Collected data entries:
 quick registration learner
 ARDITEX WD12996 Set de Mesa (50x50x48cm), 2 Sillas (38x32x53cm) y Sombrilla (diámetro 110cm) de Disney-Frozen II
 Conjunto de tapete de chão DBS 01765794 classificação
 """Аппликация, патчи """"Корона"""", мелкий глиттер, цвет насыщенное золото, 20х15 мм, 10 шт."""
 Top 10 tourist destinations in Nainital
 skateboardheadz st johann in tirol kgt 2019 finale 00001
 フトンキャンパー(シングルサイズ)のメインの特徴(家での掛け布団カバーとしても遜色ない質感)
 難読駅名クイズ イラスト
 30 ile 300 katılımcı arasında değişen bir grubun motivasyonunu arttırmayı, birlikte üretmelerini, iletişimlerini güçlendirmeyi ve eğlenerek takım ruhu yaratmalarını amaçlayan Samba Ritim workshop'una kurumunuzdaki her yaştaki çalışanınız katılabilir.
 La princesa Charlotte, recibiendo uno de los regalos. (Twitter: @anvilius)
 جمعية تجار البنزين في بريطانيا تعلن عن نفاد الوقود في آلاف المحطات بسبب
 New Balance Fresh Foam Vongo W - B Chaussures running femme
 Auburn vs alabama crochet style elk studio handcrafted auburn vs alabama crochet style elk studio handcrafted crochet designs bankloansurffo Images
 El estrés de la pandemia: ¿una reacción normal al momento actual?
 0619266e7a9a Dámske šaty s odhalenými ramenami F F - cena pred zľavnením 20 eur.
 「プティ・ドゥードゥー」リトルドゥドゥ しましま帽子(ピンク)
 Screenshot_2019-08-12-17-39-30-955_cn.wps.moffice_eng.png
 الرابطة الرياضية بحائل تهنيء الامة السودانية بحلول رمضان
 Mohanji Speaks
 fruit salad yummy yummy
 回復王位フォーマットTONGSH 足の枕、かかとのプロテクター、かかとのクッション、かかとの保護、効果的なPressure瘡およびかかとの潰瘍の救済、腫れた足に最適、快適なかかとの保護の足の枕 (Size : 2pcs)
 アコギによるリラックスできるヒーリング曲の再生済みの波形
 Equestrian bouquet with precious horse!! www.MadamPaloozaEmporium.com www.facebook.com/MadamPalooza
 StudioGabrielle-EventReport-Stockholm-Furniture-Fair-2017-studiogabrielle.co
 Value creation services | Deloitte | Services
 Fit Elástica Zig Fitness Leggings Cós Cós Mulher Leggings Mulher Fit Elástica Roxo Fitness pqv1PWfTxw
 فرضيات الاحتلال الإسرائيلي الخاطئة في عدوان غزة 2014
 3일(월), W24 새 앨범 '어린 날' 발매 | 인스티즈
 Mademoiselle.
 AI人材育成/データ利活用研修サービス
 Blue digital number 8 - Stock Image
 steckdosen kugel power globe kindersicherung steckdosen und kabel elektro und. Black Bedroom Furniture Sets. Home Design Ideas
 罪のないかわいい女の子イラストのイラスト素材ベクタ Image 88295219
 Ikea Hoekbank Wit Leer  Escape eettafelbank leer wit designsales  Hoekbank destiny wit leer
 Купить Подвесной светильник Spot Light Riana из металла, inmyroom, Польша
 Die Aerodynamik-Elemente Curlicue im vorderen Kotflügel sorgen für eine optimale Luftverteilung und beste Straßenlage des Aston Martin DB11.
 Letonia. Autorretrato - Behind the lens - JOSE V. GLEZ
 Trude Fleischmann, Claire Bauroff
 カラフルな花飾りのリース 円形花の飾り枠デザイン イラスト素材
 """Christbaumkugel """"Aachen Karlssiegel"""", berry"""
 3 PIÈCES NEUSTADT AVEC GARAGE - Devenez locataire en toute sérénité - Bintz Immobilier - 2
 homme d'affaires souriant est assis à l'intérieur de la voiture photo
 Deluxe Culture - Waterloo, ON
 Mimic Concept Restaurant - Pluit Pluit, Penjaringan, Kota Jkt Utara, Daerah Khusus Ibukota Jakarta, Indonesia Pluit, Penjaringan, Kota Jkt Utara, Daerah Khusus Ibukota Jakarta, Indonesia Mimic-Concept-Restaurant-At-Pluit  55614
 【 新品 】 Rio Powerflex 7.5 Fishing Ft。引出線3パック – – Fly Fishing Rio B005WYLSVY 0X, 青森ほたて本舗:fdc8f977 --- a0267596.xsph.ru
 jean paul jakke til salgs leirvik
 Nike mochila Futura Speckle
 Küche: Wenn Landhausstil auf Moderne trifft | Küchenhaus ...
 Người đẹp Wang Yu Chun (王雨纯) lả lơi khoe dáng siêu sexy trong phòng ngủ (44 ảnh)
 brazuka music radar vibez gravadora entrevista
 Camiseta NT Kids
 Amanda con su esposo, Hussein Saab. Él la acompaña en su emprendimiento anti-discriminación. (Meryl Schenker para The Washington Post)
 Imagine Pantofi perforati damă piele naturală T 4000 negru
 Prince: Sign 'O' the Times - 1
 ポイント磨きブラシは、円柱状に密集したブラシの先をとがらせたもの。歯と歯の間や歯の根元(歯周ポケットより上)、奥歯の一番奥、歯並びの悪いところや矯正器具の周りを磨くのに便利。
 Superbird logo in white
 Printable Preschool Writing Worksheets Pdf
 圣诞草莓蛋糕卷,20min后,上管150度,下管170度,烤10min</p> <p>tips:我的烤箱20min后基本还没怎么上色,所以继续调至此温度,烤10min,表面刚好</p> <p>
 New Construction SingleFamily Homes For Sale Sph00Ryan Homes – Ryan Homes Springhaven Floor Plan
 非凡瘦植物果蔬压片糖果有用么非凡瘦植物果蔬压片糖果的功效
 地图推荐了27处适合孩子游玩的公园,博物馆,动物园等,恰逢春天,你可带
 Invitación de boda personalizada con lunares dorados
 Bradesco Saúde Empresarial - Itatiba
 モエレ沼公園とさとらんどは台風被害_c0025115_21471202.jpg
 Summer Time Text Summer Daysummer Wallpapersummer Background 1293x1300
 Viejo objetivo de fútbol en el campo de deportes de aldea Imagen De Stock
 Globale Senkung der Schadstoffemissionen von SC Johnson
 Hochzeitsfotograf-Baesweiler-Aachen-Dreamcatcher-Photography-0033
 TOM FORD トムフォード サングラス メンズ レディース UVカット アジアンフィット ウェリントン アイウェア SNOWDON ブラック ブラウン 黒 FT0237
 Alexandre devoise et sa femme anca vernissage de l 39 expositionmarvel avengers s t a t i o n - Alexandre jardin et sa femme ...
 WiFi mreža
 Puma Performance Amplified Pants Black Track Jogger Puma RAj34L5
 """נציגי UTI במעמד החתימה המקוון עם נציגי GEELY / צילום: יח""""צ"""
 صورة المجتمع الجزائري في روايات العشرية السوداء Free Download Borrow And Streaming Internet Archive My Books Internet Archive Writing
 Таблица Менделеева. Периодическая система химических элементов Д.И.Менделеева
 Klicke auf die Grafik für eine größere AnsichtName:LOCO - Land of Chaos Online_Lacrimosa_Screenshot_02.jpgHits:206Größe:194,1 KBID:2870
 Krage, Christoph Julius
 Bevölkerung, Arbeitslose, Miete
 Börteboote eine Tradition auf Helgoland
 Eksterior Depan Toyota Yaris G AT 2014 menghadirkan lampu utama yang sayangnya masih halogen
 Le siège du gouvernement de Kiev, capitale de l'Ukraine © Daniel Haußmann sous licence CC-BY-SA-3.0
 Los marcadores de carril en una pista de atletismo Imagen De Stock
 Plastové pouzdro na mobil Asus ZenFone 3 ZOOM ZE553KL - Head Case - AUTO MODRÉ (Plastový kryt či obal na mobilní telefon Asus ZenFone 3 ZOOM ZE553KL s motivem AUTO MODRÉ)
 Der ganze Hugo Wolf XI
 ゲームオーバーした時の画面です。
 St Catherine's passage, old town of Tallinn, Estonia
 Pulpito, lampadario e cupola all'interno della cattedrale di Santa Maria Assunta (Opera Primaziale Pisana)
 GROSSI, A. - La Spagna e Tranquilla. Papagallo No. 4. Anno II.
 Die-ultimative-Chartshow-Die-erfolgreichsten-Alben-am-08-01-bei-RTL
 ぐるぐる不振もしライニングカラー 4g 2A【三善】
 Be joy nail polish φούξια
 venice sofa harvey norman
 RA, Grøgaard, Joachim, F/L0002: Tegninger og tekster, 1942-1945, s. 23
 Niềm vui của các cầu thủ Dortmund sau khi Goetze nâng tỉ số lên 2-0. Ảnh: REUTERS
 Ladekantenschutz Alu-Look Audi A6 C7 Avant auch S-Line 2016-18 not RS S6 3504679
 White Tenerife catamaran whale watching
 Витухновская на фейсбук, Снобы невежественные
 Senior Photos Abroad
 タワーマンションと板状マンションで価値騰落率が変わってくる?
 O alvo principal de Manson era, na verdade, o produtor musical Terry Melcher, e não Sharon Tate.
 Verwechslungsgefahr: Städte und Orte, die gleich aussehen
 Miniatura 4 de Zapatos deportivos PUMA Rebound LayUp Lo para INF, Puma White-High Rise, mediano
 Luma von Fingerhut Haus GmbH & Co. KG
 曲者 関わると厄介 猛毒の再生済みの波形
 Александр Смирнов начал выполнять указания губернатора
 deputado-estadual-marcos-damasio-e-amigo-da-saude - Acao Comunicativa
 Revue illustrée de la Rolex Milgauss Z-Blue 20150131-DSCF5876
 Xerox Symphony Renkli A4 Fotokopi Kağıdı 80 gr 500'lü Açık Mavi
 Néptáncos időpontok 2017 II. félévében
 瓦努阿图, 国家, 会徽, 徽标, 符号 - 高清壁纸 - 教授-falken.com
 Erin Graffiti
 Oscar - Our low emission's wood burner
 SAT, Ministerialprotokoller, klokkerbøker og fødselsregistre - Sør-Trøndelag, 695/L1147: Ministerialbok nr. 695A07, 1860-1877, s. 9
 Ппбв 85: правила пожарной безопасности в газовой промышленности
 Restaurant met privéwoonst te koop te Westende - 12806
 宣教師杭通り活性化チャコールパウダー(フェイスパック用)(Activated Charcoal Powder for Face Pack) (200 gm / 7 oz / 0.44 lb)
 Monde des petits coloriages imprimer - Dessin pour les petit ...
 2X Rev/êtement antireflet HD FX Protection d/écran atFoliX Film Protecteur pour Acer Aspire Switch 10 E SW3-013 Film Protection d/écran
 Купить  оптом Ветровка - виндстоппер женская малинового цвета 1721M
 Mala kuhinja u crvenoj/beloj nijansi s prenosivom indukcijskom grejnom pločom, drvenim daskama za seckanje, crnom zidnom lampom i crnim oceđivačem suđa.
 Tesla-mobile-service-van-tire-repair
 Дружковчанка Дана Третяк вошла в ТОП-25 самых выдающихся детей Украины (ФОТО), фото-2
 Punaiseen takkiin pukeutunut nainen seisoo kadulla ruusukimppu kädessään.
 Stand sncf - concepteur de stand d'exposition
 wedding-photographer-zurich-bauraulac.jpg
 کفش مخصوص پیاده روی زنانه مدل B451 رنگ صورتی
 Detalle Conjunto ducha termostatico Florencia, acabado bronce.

Exercise: Only the lines above that hold "Aachen" are wanted. Show every one of them.

Response:
 """Christbaumkugel """"Aachen Karlssiegel"""", berry"""
 Hochzeitsfotograf-Baesweiler-Aachen-Dreamcatcher-Photography-0033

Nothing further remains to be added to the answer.